The invention further relates to a method for heating a control valve, wherein the control valve is arranged in a steam line and is designed in such a way that the control valve allows each arbitrary intermediate position of the control valve opening, wherein a quick-closing valve is arranged in the steam line, wherein the quick-closing valve is designed in such a way that the quick-closing valve allows each arbitrary intermediate position of the quick-closing valve opening.

Background

In modern steam power plants, the steam in the steam generator is brought to a high temperature and is conducted to a steam turbine via a live steam line. There, the thermal energy of the steam is converted into rotational energy of the rotor, which drives the generator. The live steam temperature and the live steam pressure have such high values that the components in contact with the steam must be of thick-walled construction. The valves are also heavily loaded with heat in the inlet region of the steam turbine. Typically, downstream of the steam generator, the steam line is formed with two valves which are fluidly connected to the inflow of the steam turbine. One of the valves is designed as a so-called control valve, the other valve taking on its function as a quick-closing valve. Quick-closing valves typically have two positions: fully open or fully closed. Furthermore, the quick-closing valve is constructed such that the closing time from the fully open position to the fully closed position is as short as possible.

Modern steam power plants are currently operated with a strongly varying load of demand. When the primary requirement is to supply power via renewable energy, the steam power plant is operated at partial load or even completely switched off. Restarting of a steam power plant is a technical challenge, since the time between starting of the steam power plant and providing electrical energy should be as short as possible.

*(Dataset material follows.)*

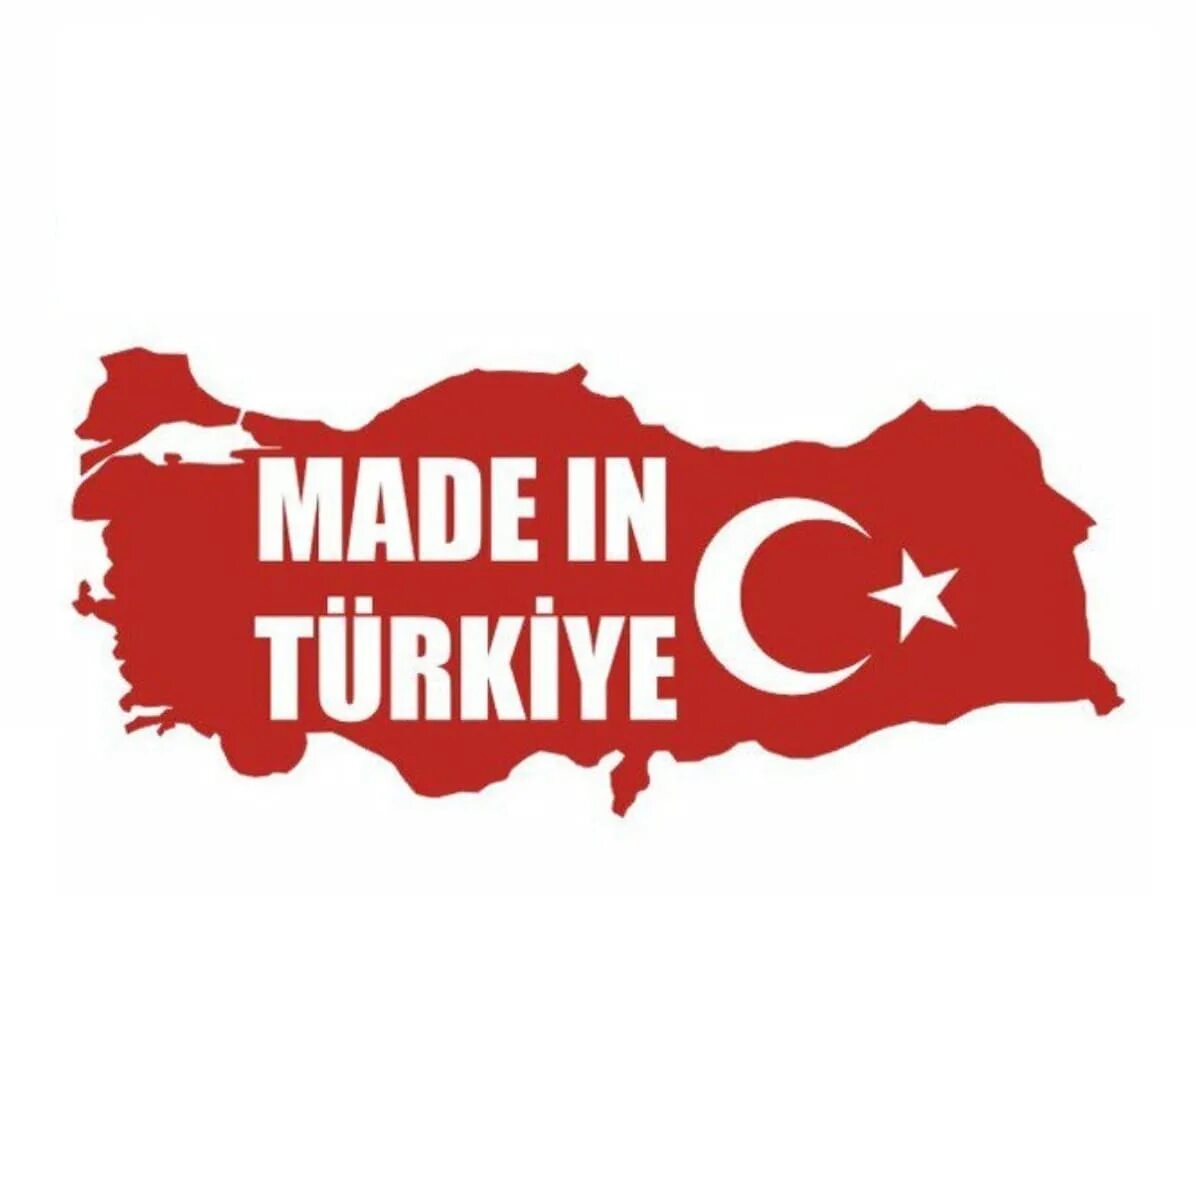 Turkey html. Маде ин Турция. Made in Turkey логотип. Произведено в Турции. Знак сделано в Турции.

Therefore, major efforts are currently focused on shortening the start-up time of steam power plants. The challenge in this case is not to heat thick-walled components, such as valves, too quickly during start-up. Heating too quickly can adversely affect the service life of the valve.

Therefore, the regulating valve must be preheated during startup. This is primarily related to so-called cold start situations, in which the initial temperature before the start of the steam power plant is relatively low. At present, the regulating valve is preheated by opening the quick-closing valve under steam, wherein the quick-closing valve and the regulating valve are connected in series. The heating of the regulating valve is effected via condensation on the surface. However, in order not to overstress the components of the live steam control valve, this must be limited by limiting the condensation temperature.

Since the live steam quick-closing valve which is opened for preheating the live steam control valve has only a fully open function or a fully closed function, the heating performance of the control valve is linked to the live steam pressure.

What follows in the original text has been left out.